The hospitality industry in Asia Pacific is expanding at a rapid rate and the need for staff to work in hotels is growing exponentially. Accor, the largest hotel operator in the region, recently surveyed some of its staff to find out what an average day consists of for hotel workers and the results proved that there is no such thing as an average day. Overall, the responses showed that working in hotels is challenging, rewarding and full of surprises.
Operational hotel staff are asked to find missing underwear, regulate showers, rouse guests who sleep through wake-up calls, forecast weather and provide restaurant and entertainment recommendations on a daily basis. But given the wide variety of guests from all corners of the world with different customs and expectations, employees often deal with much more extraordinary requests.
Some are easy to fulfil, like the long-staying guest who wanted a breakfast of porridge with exactly 8 strawberries and 12 slices of apple. Others are baffling like the guest who demanded to know why the same room was bigger the last time he stayed. And some are simply surprising, such as the guest who wanted his furniture in the room to be covered with plastic before his arrival.
One of the best things about working in hotels is that guests are often celebrating a special occasion such as an anniversary, wedding proposal, birthday or surprise of some kind, so staff are called in to help create special memories. An example of this was the concierge who was asked to decorate a room with flowers, chocolates and porcelain chickens for a Thai man who was going to propose to a woman obsessed with collectible hens. Or the guest at Novotel Singapore Clarke Quay who requested his room be filled with tinsel, holiday ornaments and Santa figurines to surprise his children when they arrived – in the middle of the year!
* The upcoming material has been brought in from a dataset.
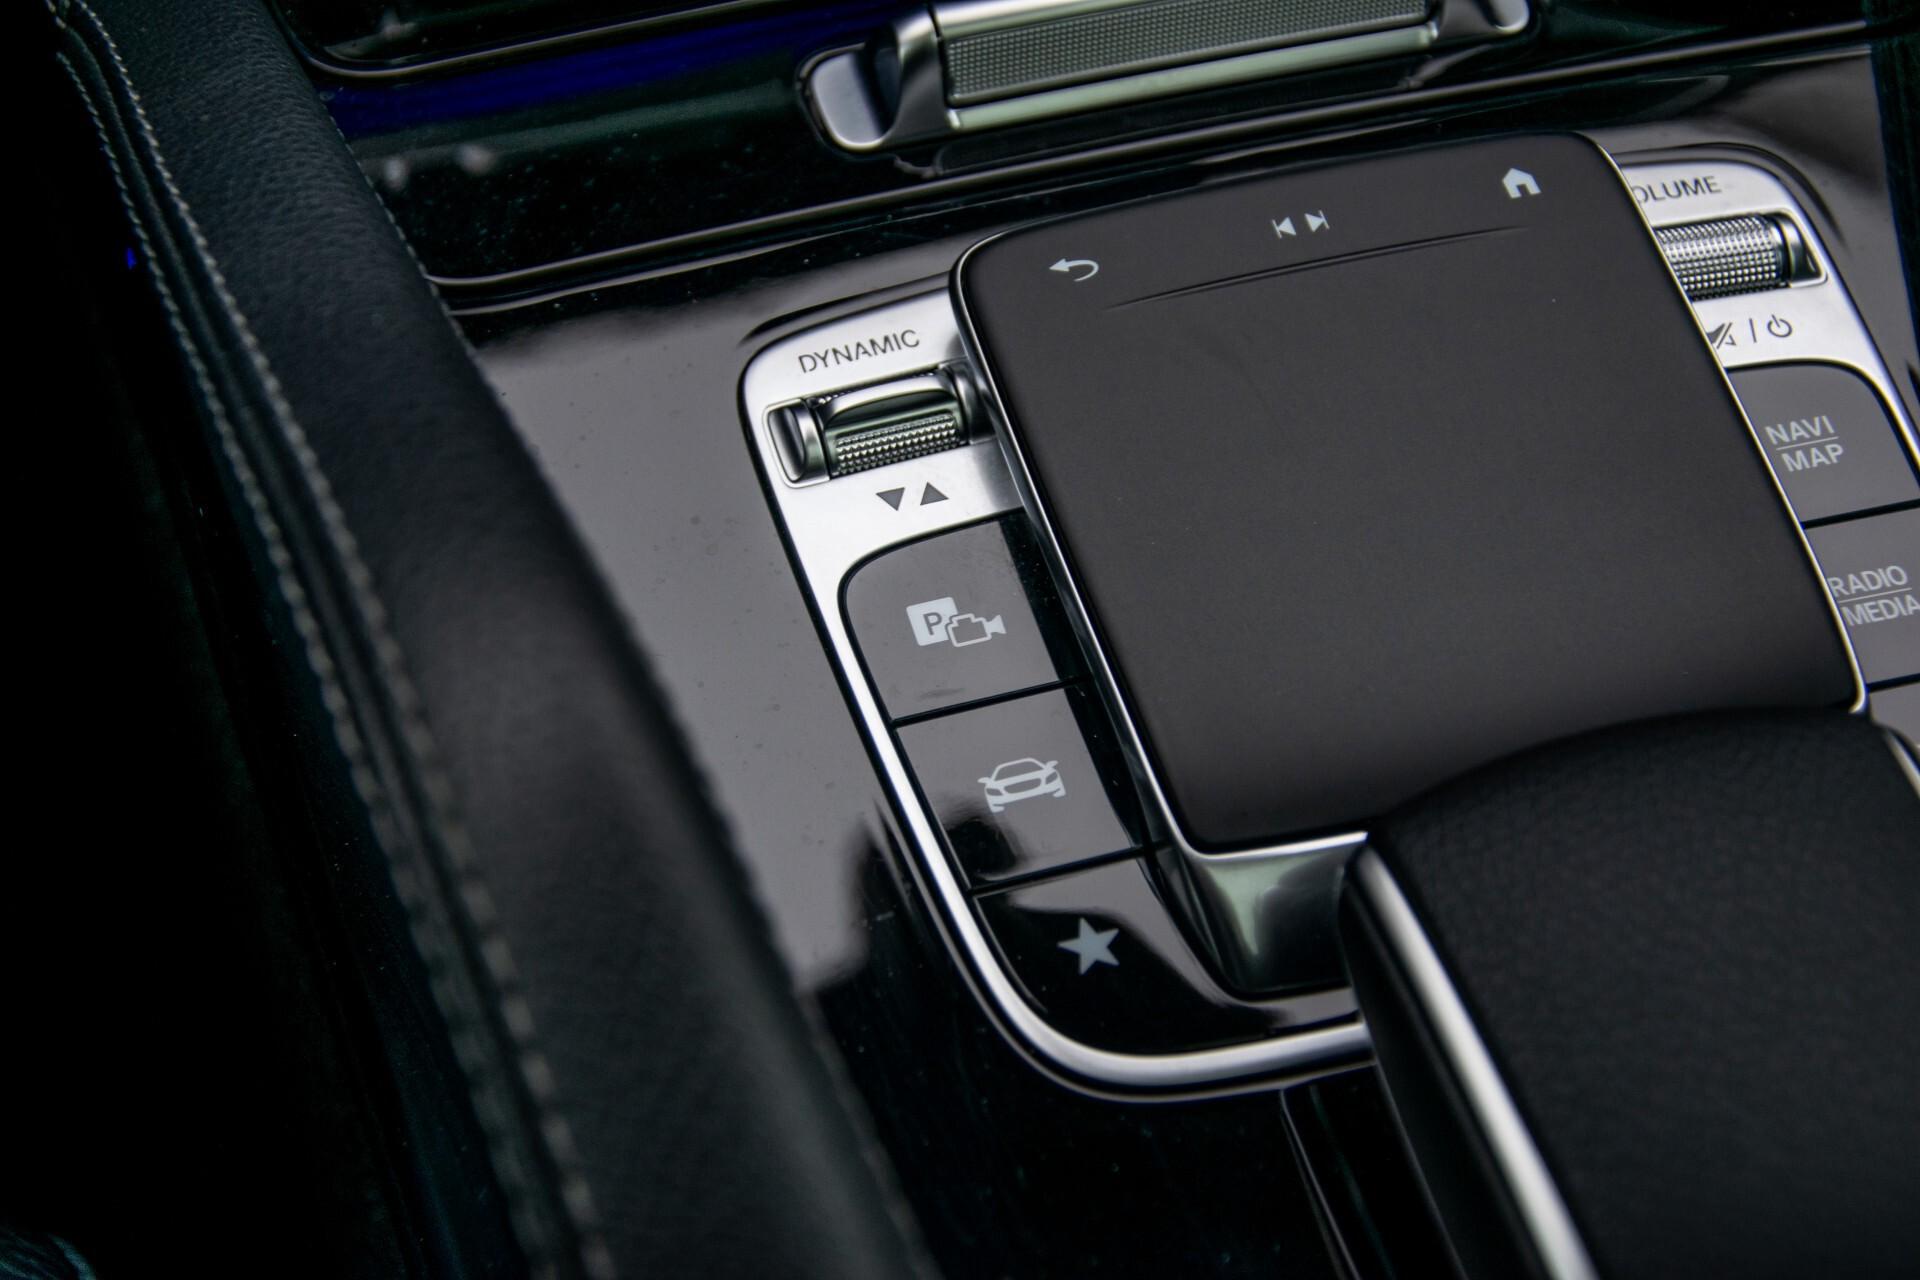 Mercedes-Benz GLE 450 4-M 7-Persoons AMG Massage/Rij-assist/Keyless/TV/360/Night/Trekhaak Aut9 Foto 60

“People come to hotels to celebrate special occasions so it’s great to get to share these special moments and witness such happiness on a regular basis,” says Tarek Beheiry, Rooms Division Manager of the Singapore Resort & Spa Sentosa, Managed by Accor. “We regularly see wonderful things like family reunions, wedding proposals, birthday celebrations and it is these moments that make working in hotels such a joy, especially if we can take part in the organisation of these events.”
From rescuing guests caught out in halls without their clothes on to dealing with sleepwalking guests, at Accor hotels, the operational teams are trained to show a high level of diplomacy to deal with awkward situations.
Working in the hospitality industry also means getting to meet many different people from all over the world, including royalty and superstars, but it is often the most ordinary guests who make the most extraordinary requests.
“When we look to fill positions in our hotels, we are looking for people who are passionate, creative and can think on their toes, because they have to meet the most unusual demands sometimes,” says Veronique Augier Nel, HR Marketing Manager at Accor.
"Nine times out of 10, we'll be able to fulfil the requests, because it's the level of personalised service that makes our hotels unique,” she says. “Sometimes we can be defeated by things like weather or the unavailability of strange items, but if you ask our team to help you create something special, they will certainly do all they can to do so.”
Accor hotel rooms have regularly become a canvas for expression of our guests’ personalities or cultural backgrounds and housekeeping staff often stumble upon surprising discoveries such as an intricate floor to ceiling sculpture made of the room’s furniture, linen, and mini-bar items; thousands of Haribo bears carefully displayed end to end covering every horizontal surface of the room; a room with all the furniture and fittings completely covered in toilet paper; or another room transformed into a professional cooking station complete with oil stains on the desk and raw ingredients left behind.
“Working in hospitality can be demanding, but it is certainly never boring and the great thing is that because of our rapid expansion in the region, career development and progression can also be quite rapid,” says Veronique. “We also have very high levels of staff satisfaction at the hotel level, with an average of 85% across the Asia Pacific region saying they enjoy their jobs, so we know it is a very rewarding career.”